Kurklu Haci Ali, Ozyuncu Nil, Koyuncu İrem Muge Akbulut, Esenboga Kerim, Tan Turkan Seda
Department of Cardiovascular Medicine, Ankara Etlik Research Hospital, 06170 Ankara, Turkey.
Department of Cardiovascular Medicine, Ankara University School of Medicine, 06170 Ankara, Turkey.
Diagnostics (Basel). 2024 Sep 11;14(18):2007. doi: 10.3390/diagnostics14182007.

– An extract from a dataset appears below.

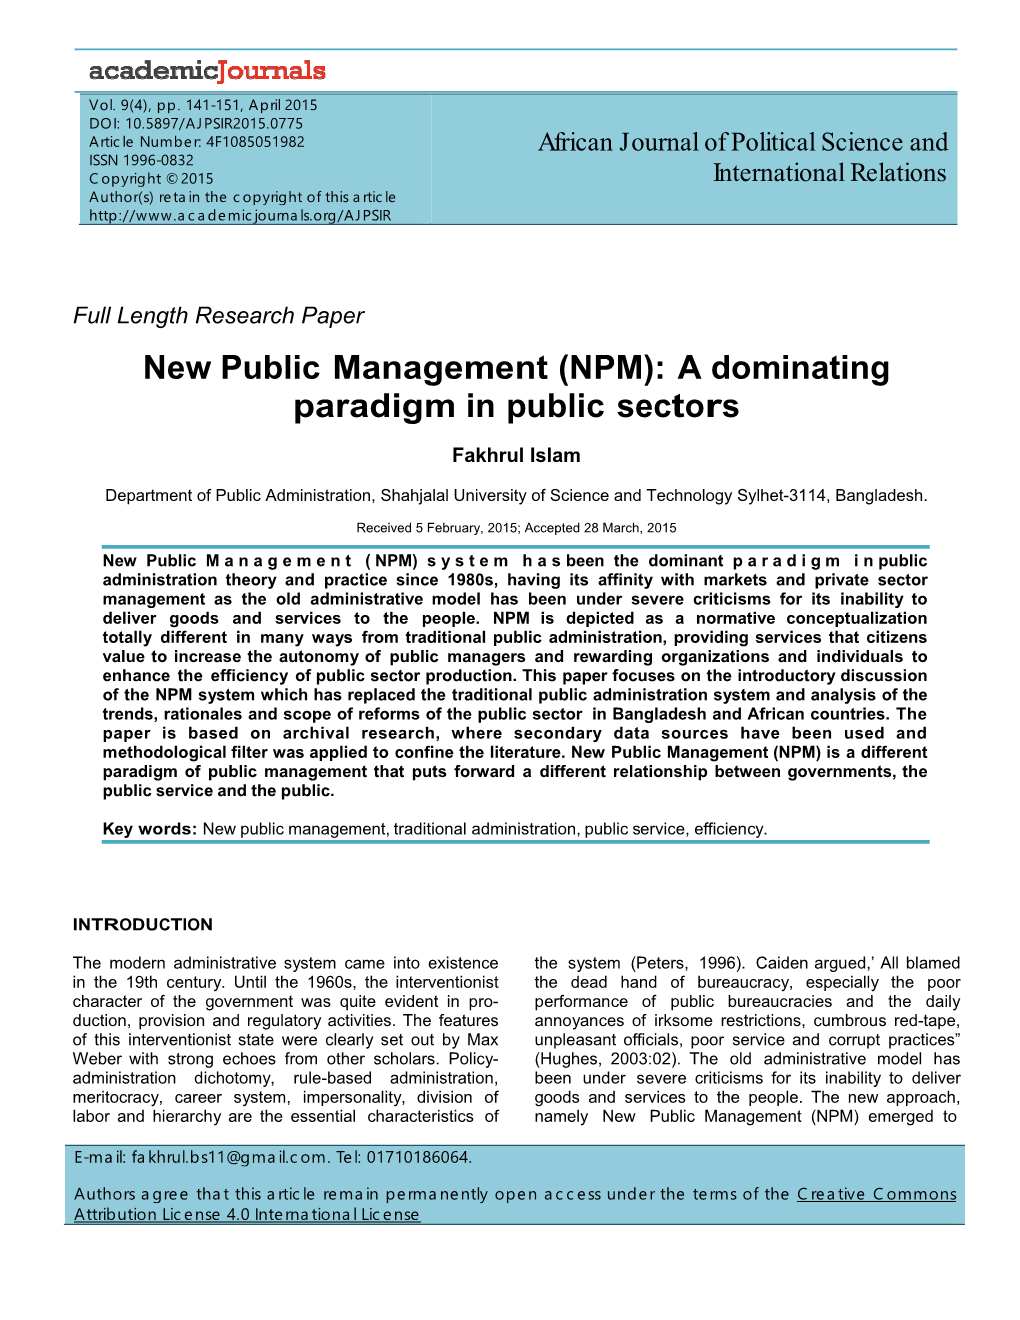 New Public Management (NPM): a Dominating Paradigm in Public Sectors

Percutaneous coronary intervention (PCI) to chronic total occlusion (CTO) is still a subject of debate. The primary goal of revascularization is to provide symptomatic relief and enhance left ventricular (LV) functions. Global longitudinal strain (GLS) is proven to be more sensitive than the ejection fraction (EF), especially for subtle ischemic changes. The purpose of this study was to investigate the improvement in LV GLS after revascularization of symptomatic stable coronary patients with single-vessel CTO, categorized according to their collateral supply grades. Sixty-nine patients with successful CTO-PCI were grouped, according to their collateral supply grades, as well-developed (WD) and poor collateral groups and followed-up for 3 months. Basal characteristics were similar for both groups, except for a lower EF ( = 0.04) and impaired GLS ( < 0.0001) in the poor collateral group. At the end of 3 months follow-up, symptomatic relief was similar in both groups ( = 0.101). GLS improvement reached statistical significance only for the poor collateral, not for the WD group ( < 0.0001 and = 0.054, respectively). The EF did not change significantly in both groups. Poorly collateralized CTO lesions may not only result in baseline LV dysfunction, but also appear to carry potential for recovery after revascularization. This may not be the case for WD collaterals.
经皮冠状动脉介入治疗(PCI)慢性完全闭塞病变(CTO)仍是一个存在争议的话题。血运重建的主要目标是缓解症状并增强左心室(LV)功能。全球纵向应变(GLS)已被证明比射血分数(EF)更敏感,特别是对于细微的缺血性改变。本研究的目的是调查症状性稳定型单支血管CTO冠心病患者血运重建后LV GLS的改善情况,并根据侧支循环供应等级进行分类。69例成功进行CTO-PCI的患者根据其侧支循环供应等级分为侧支循环良好(WD)组和侧支循环不良组,并随访3个月。两组的基础特征相似,但侧支循环不良组的EF较低(= 0.04)且GLS受损(< 0.0001)。在3个月随访结束时,两组的症状缓解情况相似(= 0.101)。仅侧支循环不良组的GLS改善达到统计学意义,而WD组未达到(分别为< 0.0001和= 0.054)。两组的EF均无显著变化。侧支循环不良的CTO病变不仅可能导致基线LV功能障碍,而且在血运重建后似乎具有恢复潜力。对于WD侧支循环情况可能并非如此。